António largou as malas à porta e sentouse.
Apresentate, mãe. Esta é a Catarina, filha da minha esposa Olívia.
Teresa sorriu e abraçou a menina.
Chamame avó Lurdes. Tu és a minha netinha.
Catarina olhou para António.
Tio António, é verdade? Essa tia, é a avó?
Ele assentiu, cansado.
Sim.
Catarina abraçoua carinhosamente.
Olá, avó.
Nesse instante, Miguel saiu do quarto.
Não percebi quem é o tio António e quem é a neta?
O filho saltou da cadeira, estendendo a mão.
Olá, pai. Perdão por aquela discussão. Eu era jovem, não via a vida de verdade.
Miguel, com um sorriso, perguntou:
E agora, já viste tudo?
António suspirou.
Sim, tudo.
O pai abraçouo forte.
Então, bemvindos ao lar, filho e os dois lacrimejaram.
Teresa soltou um suspiro aliviado; tudo se acalmou.
Depois do jantar, quando Catarina já dormia, António explicou tudo.
Quando fui embora, estava irritado. Vocês não sabiam a verdade, e eu não queria decepcionar a Nadinha. Naquela noite fui até ela para dizer boa noite e… que estupidez! Ela estava nos arbustos com o Vítor, eu queria repreendêlo, mas Nadinha impediu, gritando que o amava. Fiquei irritado e fui embora.
Mas isso ficou no passado. Fui à cidade, a Lisboa, para o meu amigo Pascoal, e comecei a trabalhar, mas o dinheiro acabou rápido. Precisei arranjar emprego. Conseguiguardassegurança num supermercado. Na caixa trabalhava a Olívia, magra e baixinha. Um dia, um cliente reclamou que lhe dei troco errado; ela chorou, foi ao depósito, e eu estava lá a tomar um café. Perguntei:
Queres que eu dê um jeito nisso?
Ela sorriu.
Se tratarmos todos assim, a loja não vai ter lucro. Aqui cada um tem o seu drama. Os problemas vêm ao nosso encontro.
Eu respondi:
Já devias estar acostumada, não choras mais.
Ela respondeu:
O problema é outro. A patroa vai expulsarme do apartamento com a filha. Não sei para onde ir.
Perguntei:
Quantos anos tem a filha?
Olívia mostroume uma foto e disse orgulhosa:
Três. Enquanto estou de turno, a vizinha, avó Liza, cuida dela. Ela nos aceitaria, mas o filho dela quer o apartamento, vendeo. E, como se não bastasse, o salário só vem daqui a duas semanas.

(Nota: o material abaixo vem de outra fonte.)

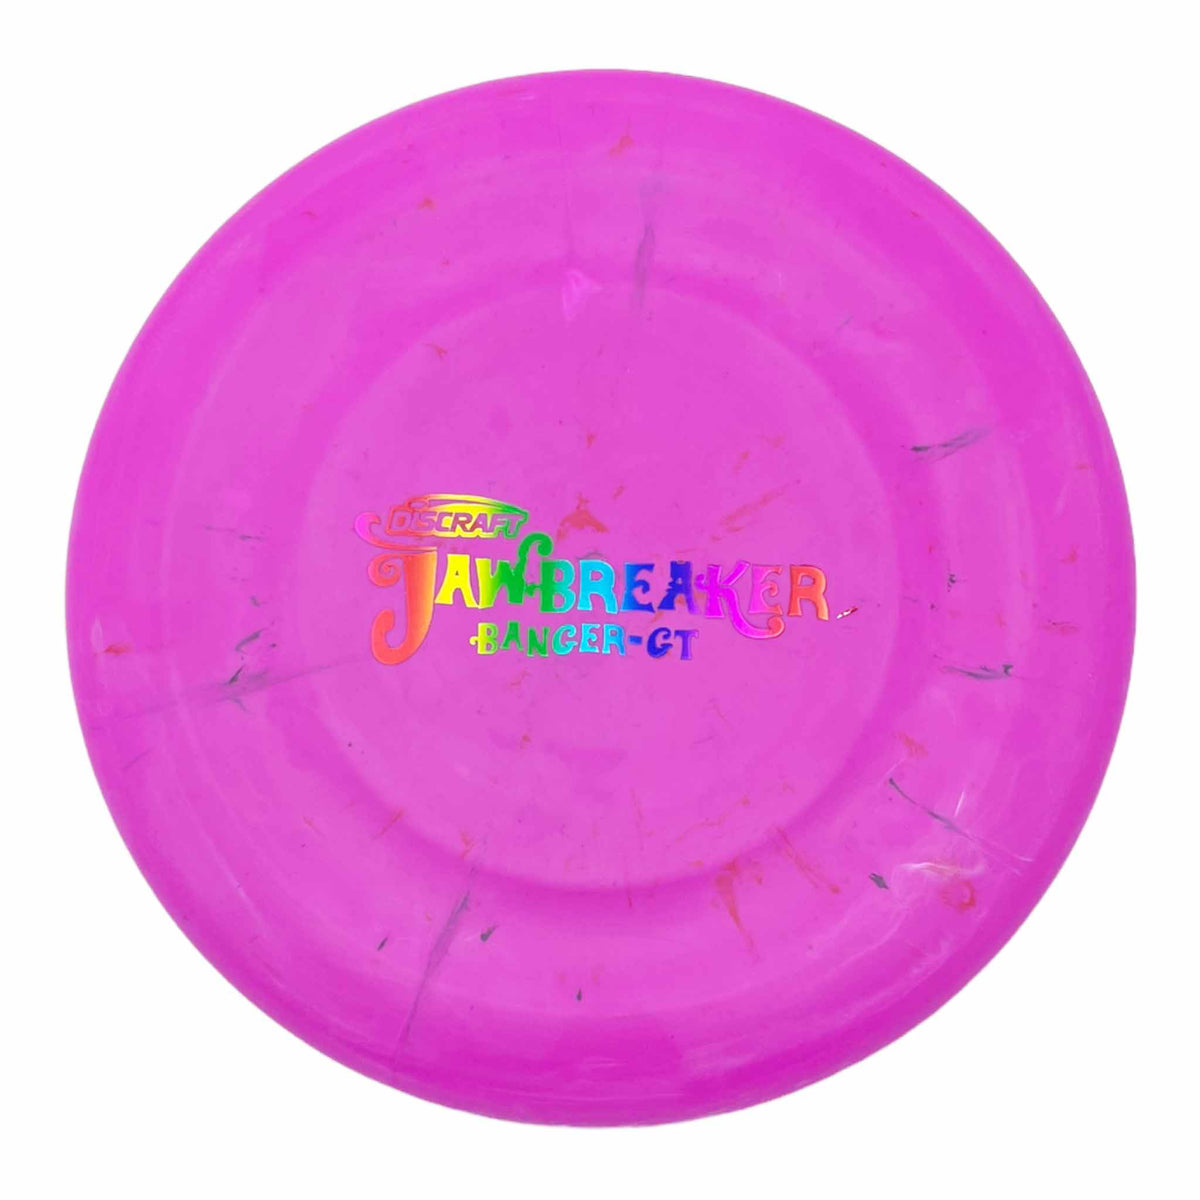 Discraft Jawbreaker Banger-GT putter - Pink

Ela abaixouse, olhando para o chão.
Não me apaixonei por ela à primeira vista, nem à segunda. Só sentia pena. Era óbvio que algum patife tinha enganado a menina inocente e a tinha abandonado. Ela não podia ficar sozinha com a criança. Decidi então oferecer-lhe um quarto na minha república estudantil. No começo recusou, talvez com medo, mas acabou por aceitar, porque viver na rua com a menina não era opção.

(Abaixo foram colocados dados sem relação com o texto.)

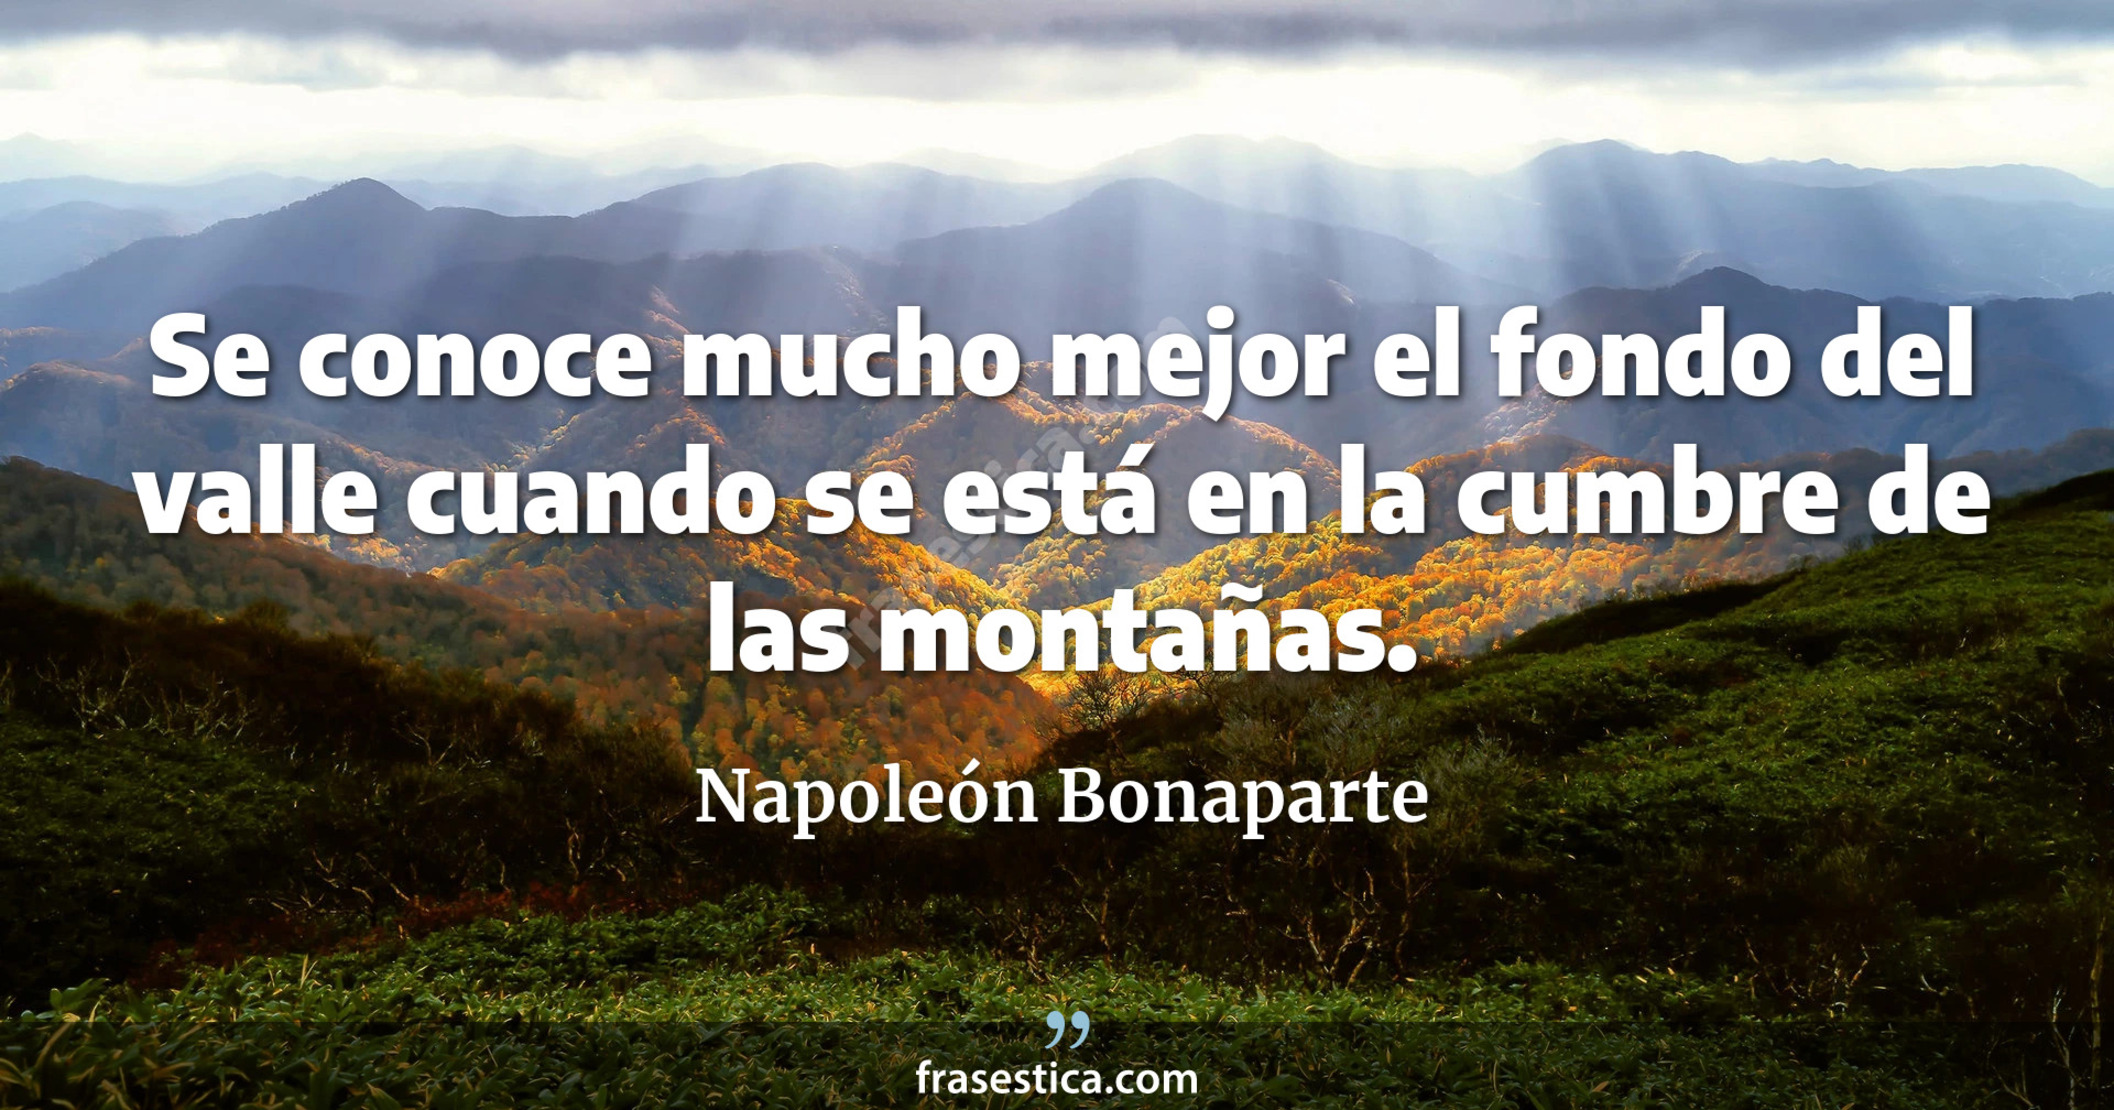 Se conoce mucho mejor el fondo del valle cuando se está en la cumbre de las montañas. - Napoleón Bonaparte

Passámos a viver como vizinhos. Ela fazia-me refeições, lavava a roupa. Eu trocava turnos. Ela cuidava da Catarina, que não tem problemas de saúde. Talvez tenha herdado o jeito do pai. Olívia nunca foi assim; só depois de seis meses vivemos como uma família de verdade.

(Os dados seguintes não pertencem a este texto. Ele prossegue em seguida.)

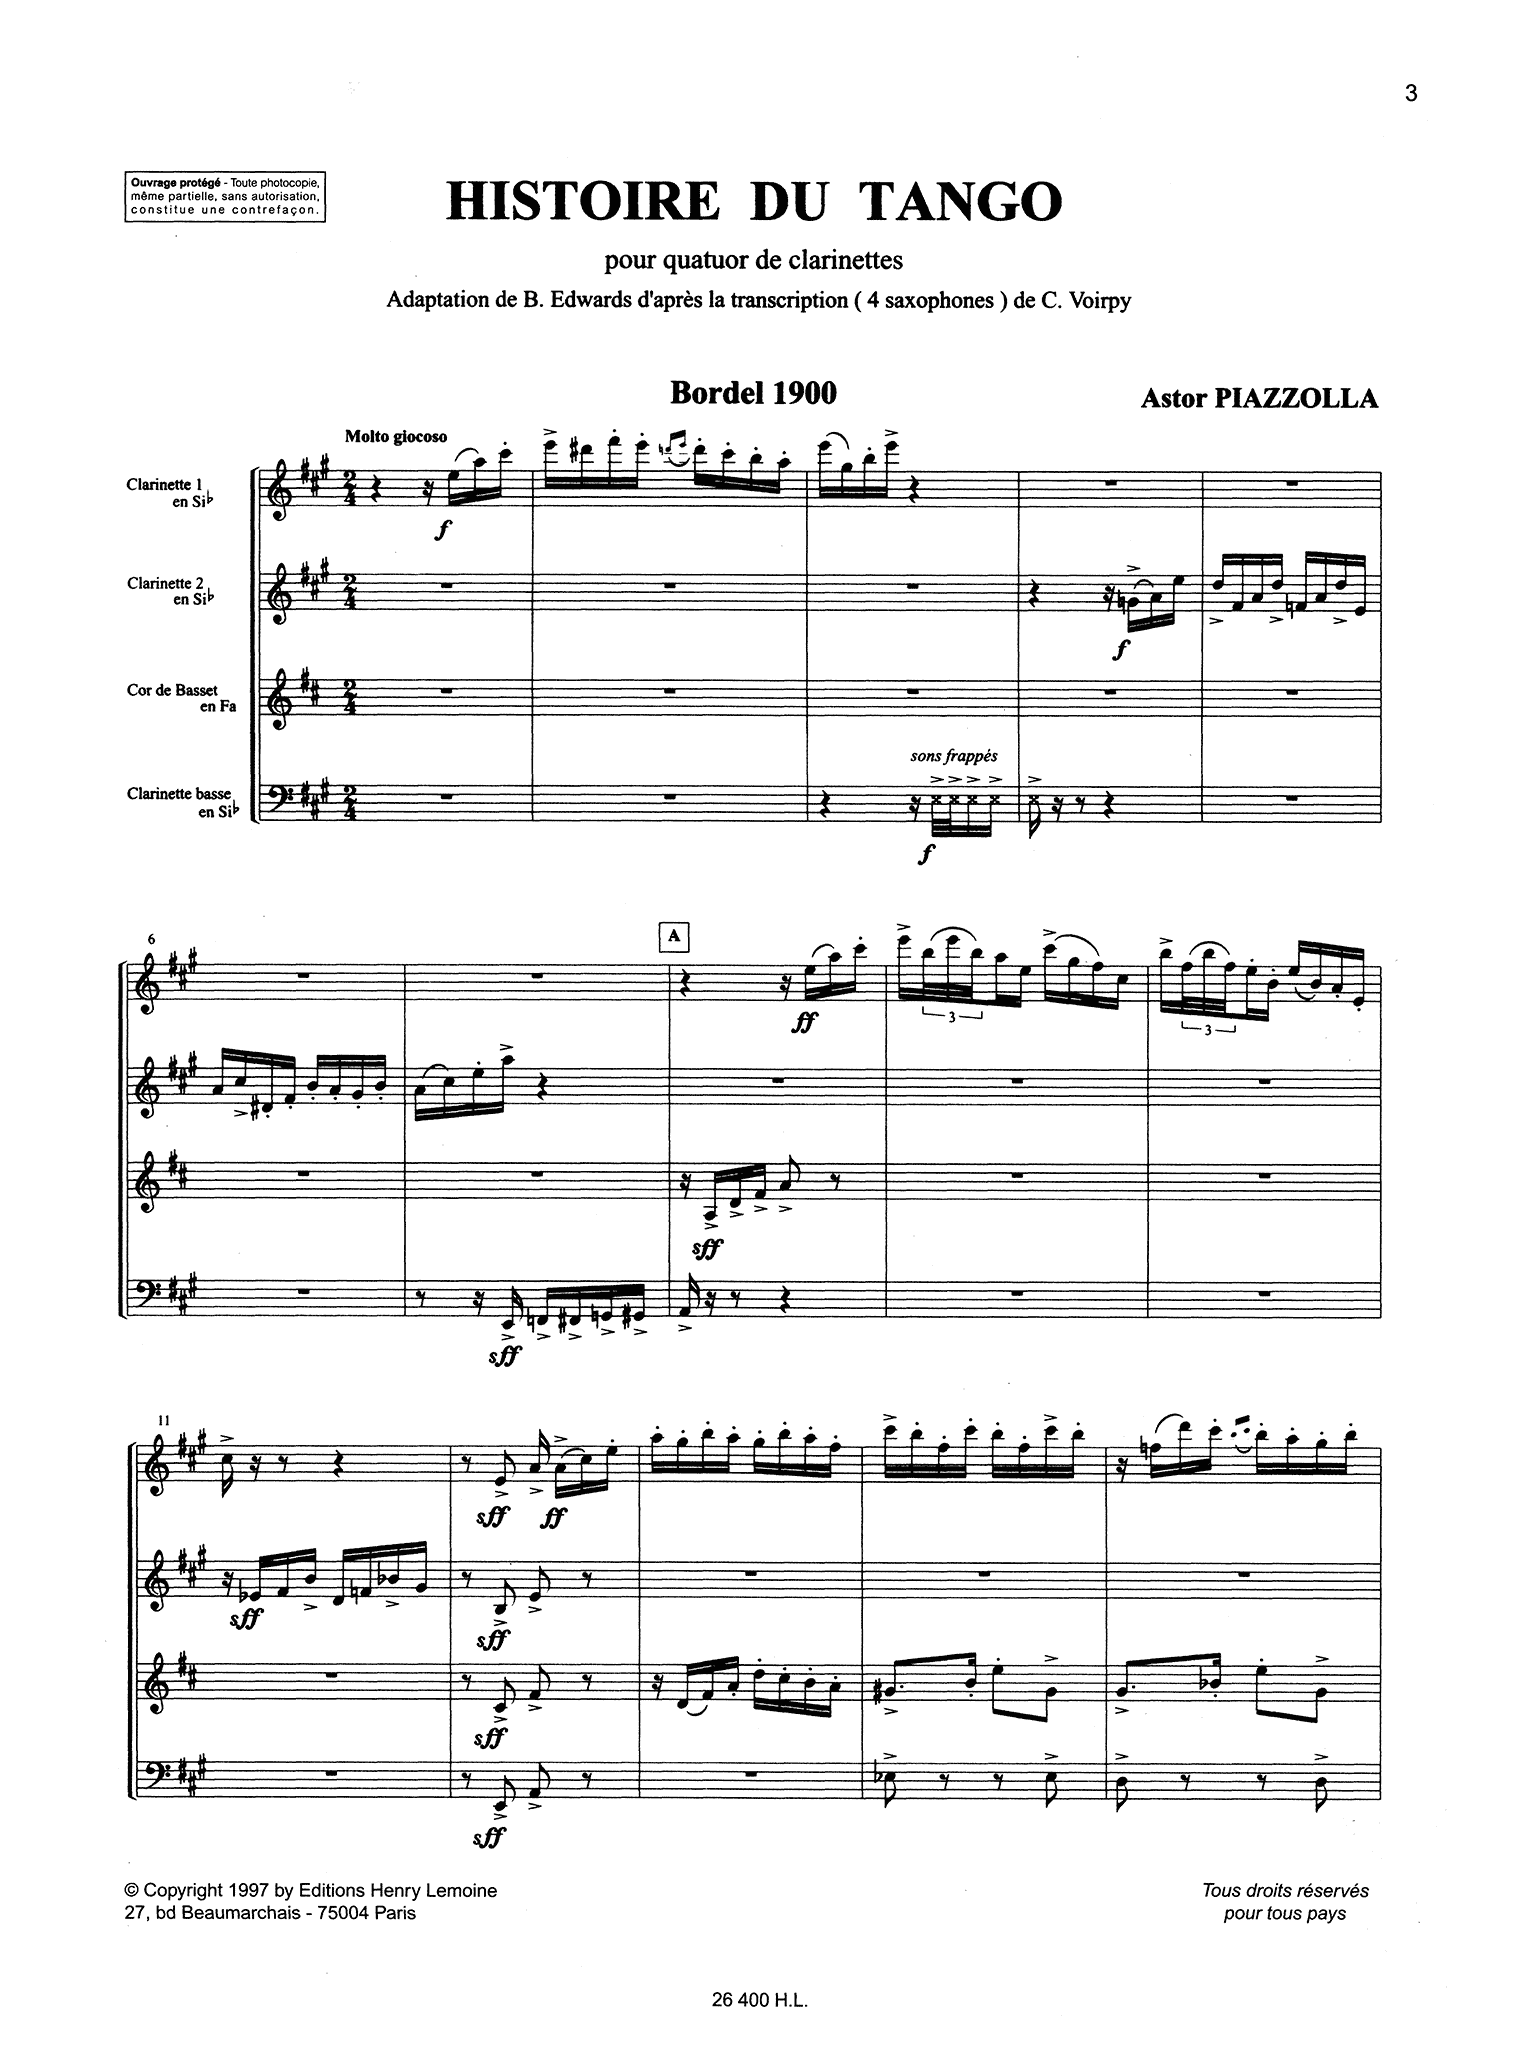 Piazzolla Histoire du Tango clarinet quartet arrangement - Movement 1

Há dois anos, Olívia adoeceu. Lutámos o melhor que pudemos, mas há meio ano ela faleceu. Um mês antes, adotei a Catarina para que não fosse para a instituição. Ela ainda me chama de tio.
Olívia era muito honesta e contou que o pai biológico a tinha abandonado. Discutimos feio, ficámos uma semana sem falar. Ela foi a primeira a se aproximar e explicou que, desde pequena, vivia em família de acolhimento e não sabia nada sobre o pai. Quando a expulsaram dos 18 anos do apartamento que lhe foi atribuído pelo Estado, jurou que só diria a verdade.
António chegou ajudando-me. Pascoal achoume um bom emprego, pagam bem em euros. Mas a Catarina não pode ficar sozinha. Posso levála comigo? Não quero deixála para trás. Podem cuidar dela enquanto eu estou fora? Dizerlhe que é um sacrifício olhou para os pais com esperança.
Miguel e Teresa trocaramse um olhar e responderam juntos:
Claro que sim, fica aqui. Só deixaa connosco por uma semana, que ela se acostume. Não a jogues direto ao mar, senão vai ficar triste.
Assim decidiram.
Catarina foi se acostumando ao avô e à avó. Alimentava as galinhas, ajudava Teresa. Tinha medo do avô Misho até ele lhe dar um enorme urso de peluche. Ela adorou o bicho, abraçandoo repetidamente.
O avô Misha está aqui, e agora o urso Misu também dizia ela.
Quando a filha de Teresa aparecia com a netinha, não precisava de babá; brincavam juntas e passeavam de carrinho.
Três meses depois, António voltou da viagem de trabalho e Catarina foi a primeira a vêlo. Gritou:
Vovô, avó, o papá chegou! Viva! e correu ao abraço dele.
Os adultos choraram. Catarina finalmente viu a família que sempre procurou.